▸ Assignment
Word for word, output the data, with none of its pictures.

▸ Source data
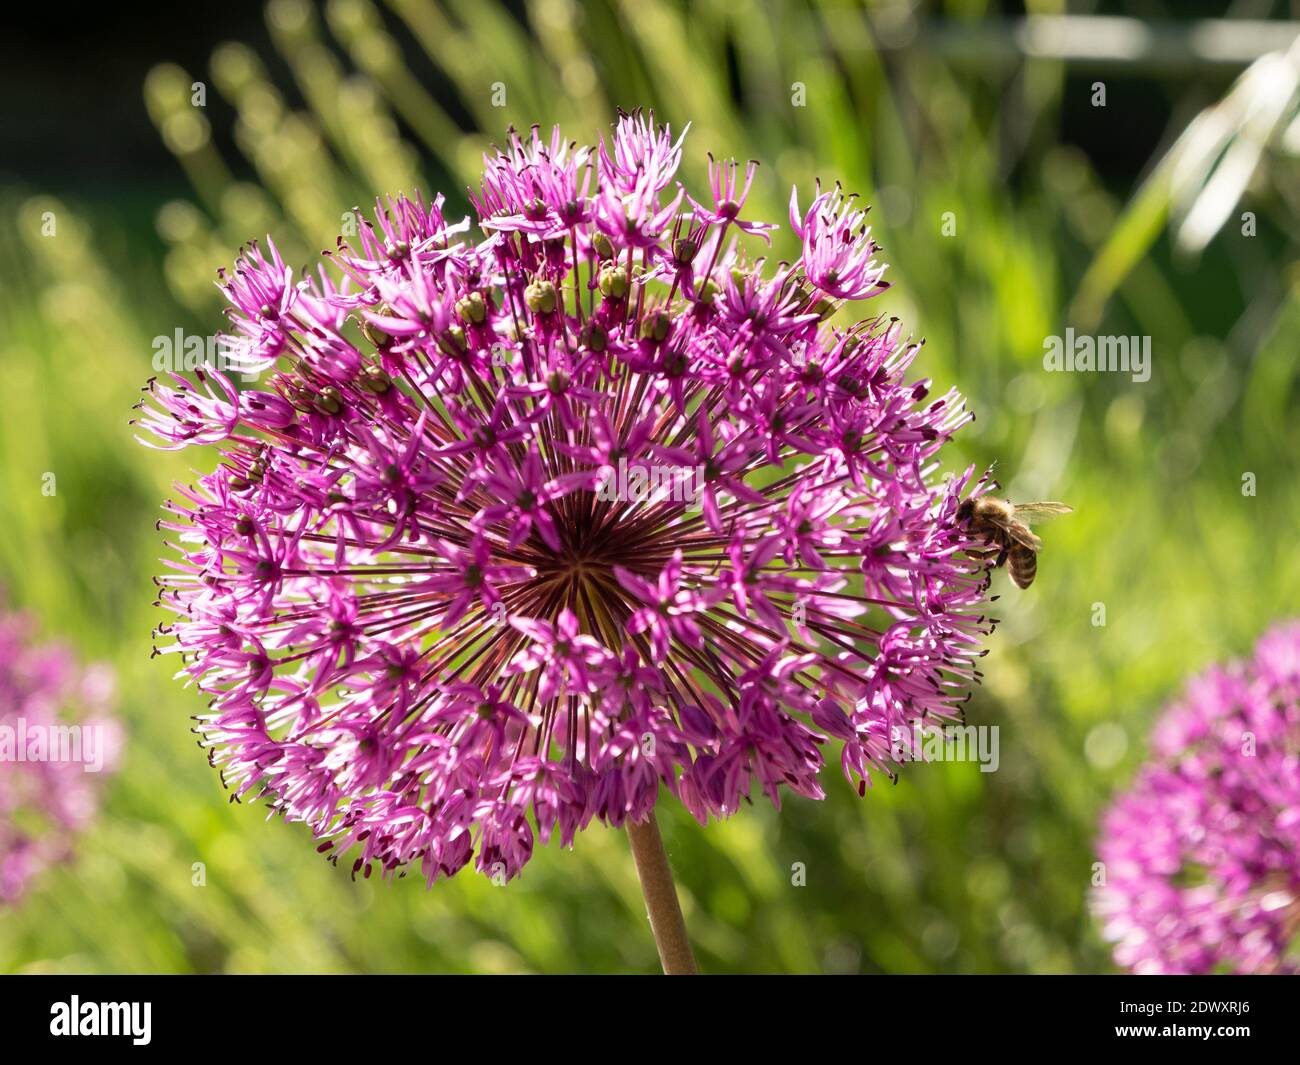 Allium Blume Nahaufnahme mit einer Bee bestäuben. Unscharfer Hintergrund. Stockfoto
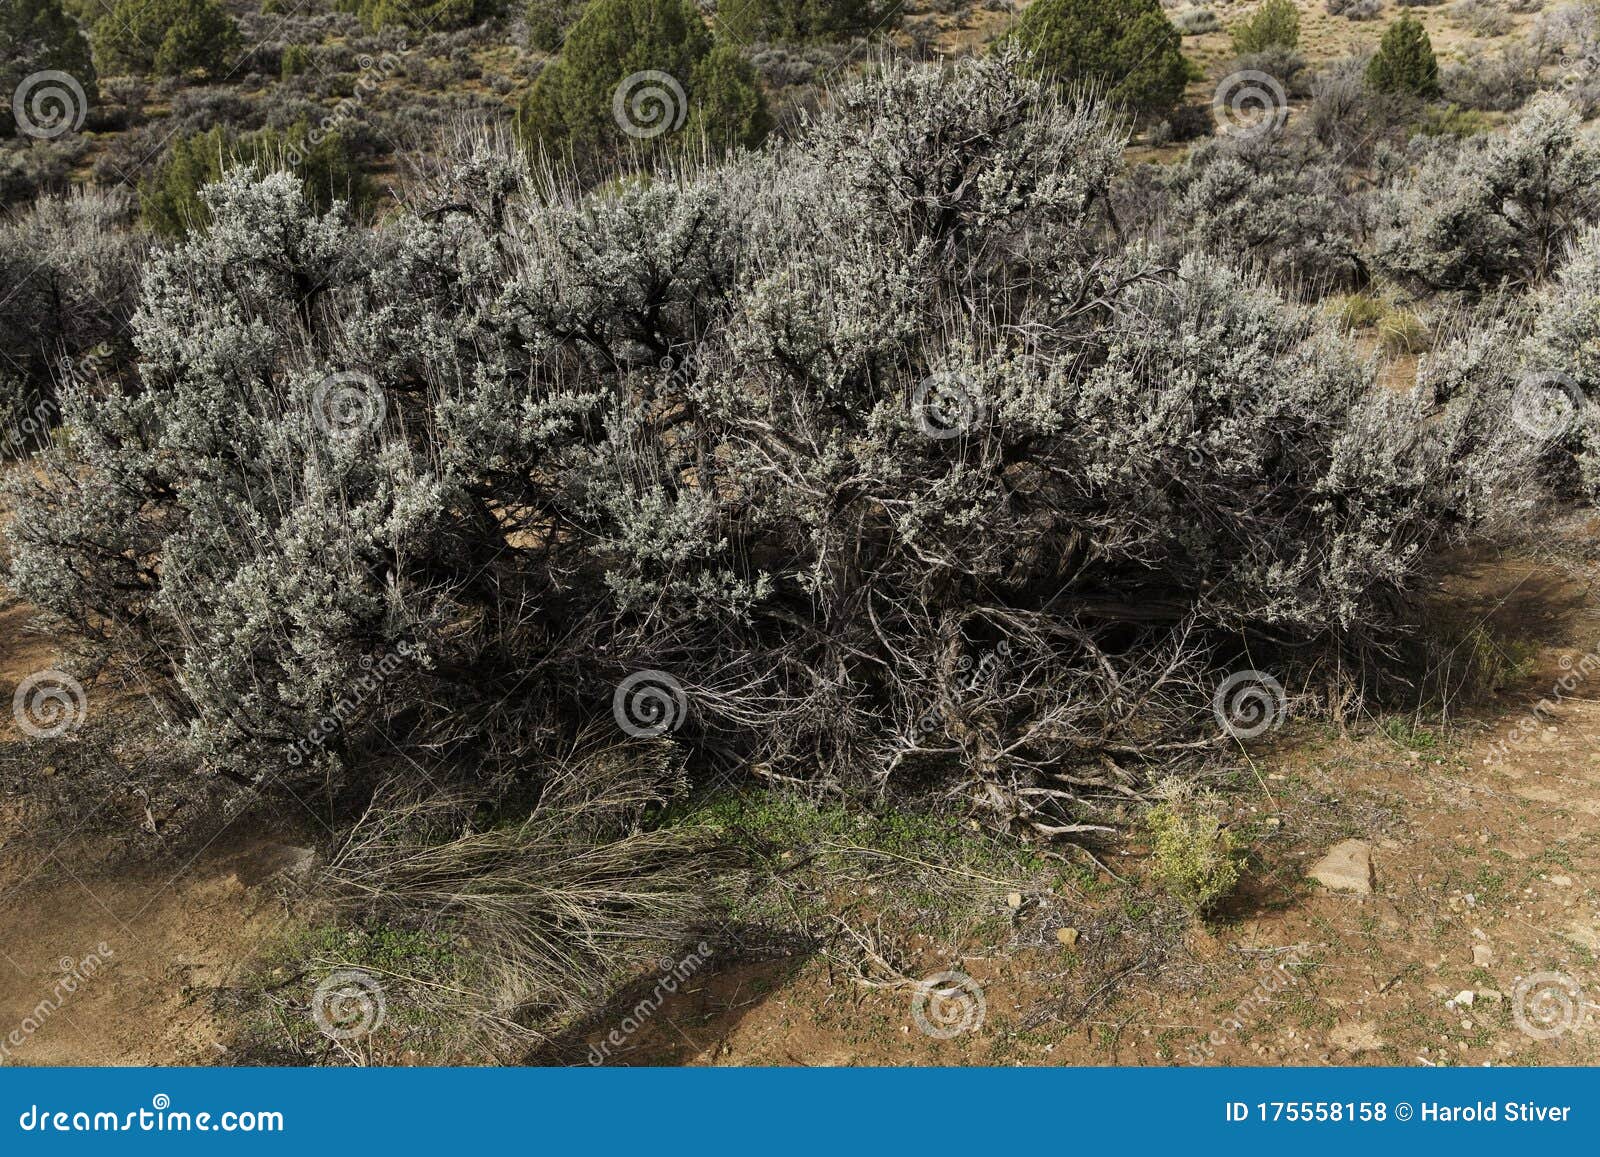 big sagebrush, artemisia tridentata, found in arid regions
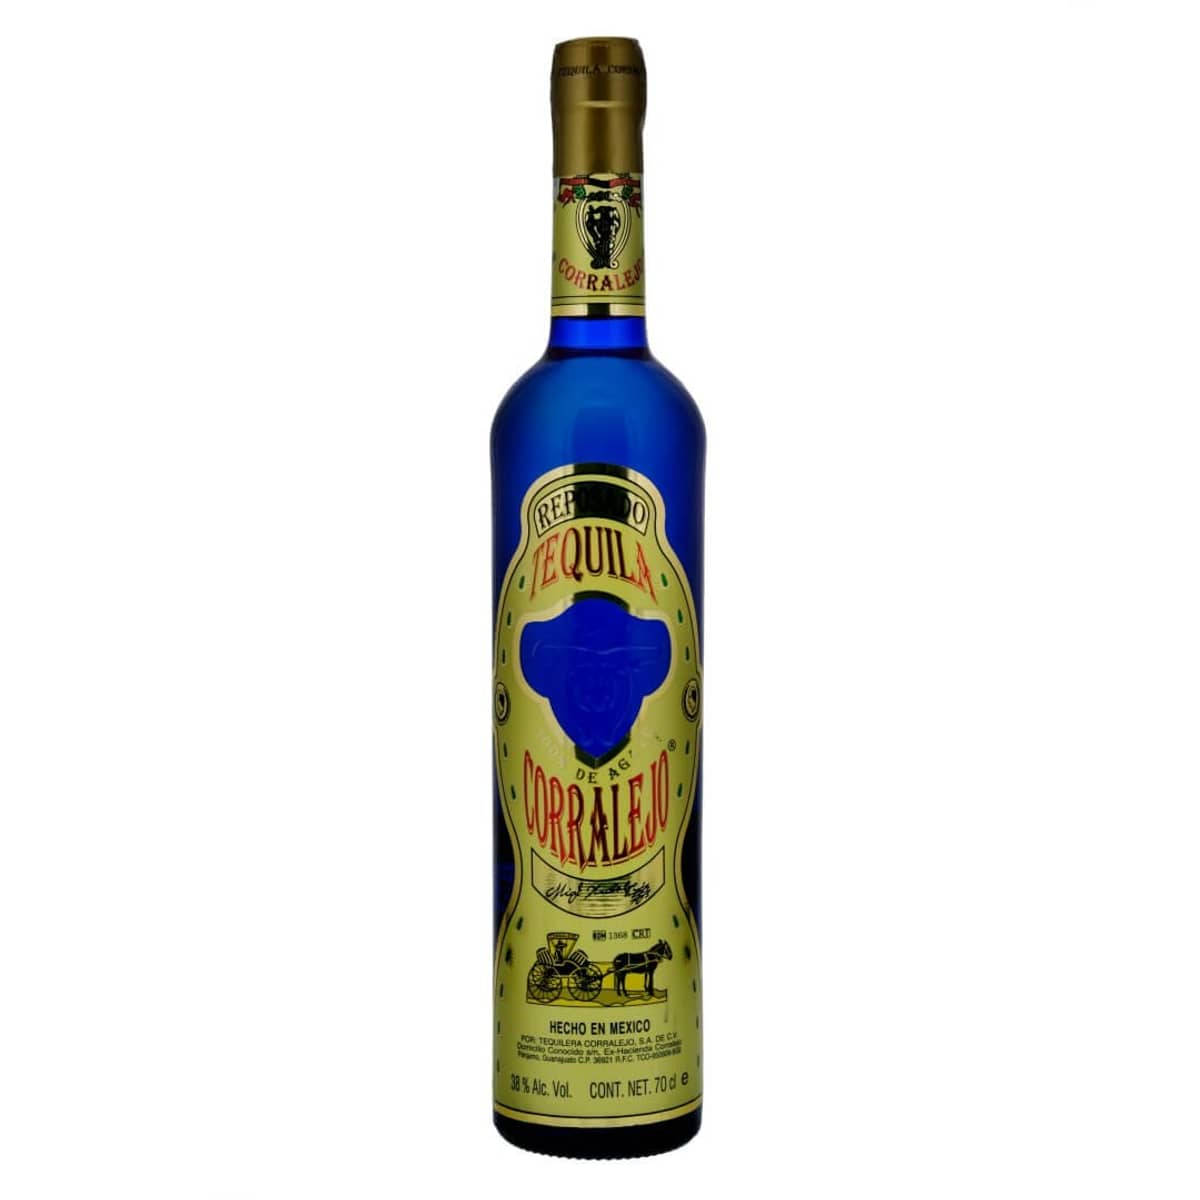 Download Corralejo Tequila Reposado Blue Bottle Wallpaper | Wallpapers.com

▸ Response area
 Allium Blume Nahaufnahme mit einer Bee bestäuben. Unscharfer Hintergrund. Stockfoto
 big sagebrush, artemisia tridentata, found in arid regions
 Download Corralejo Tequila Reposado Blue Bottle Wallpaper | Wallpapers.com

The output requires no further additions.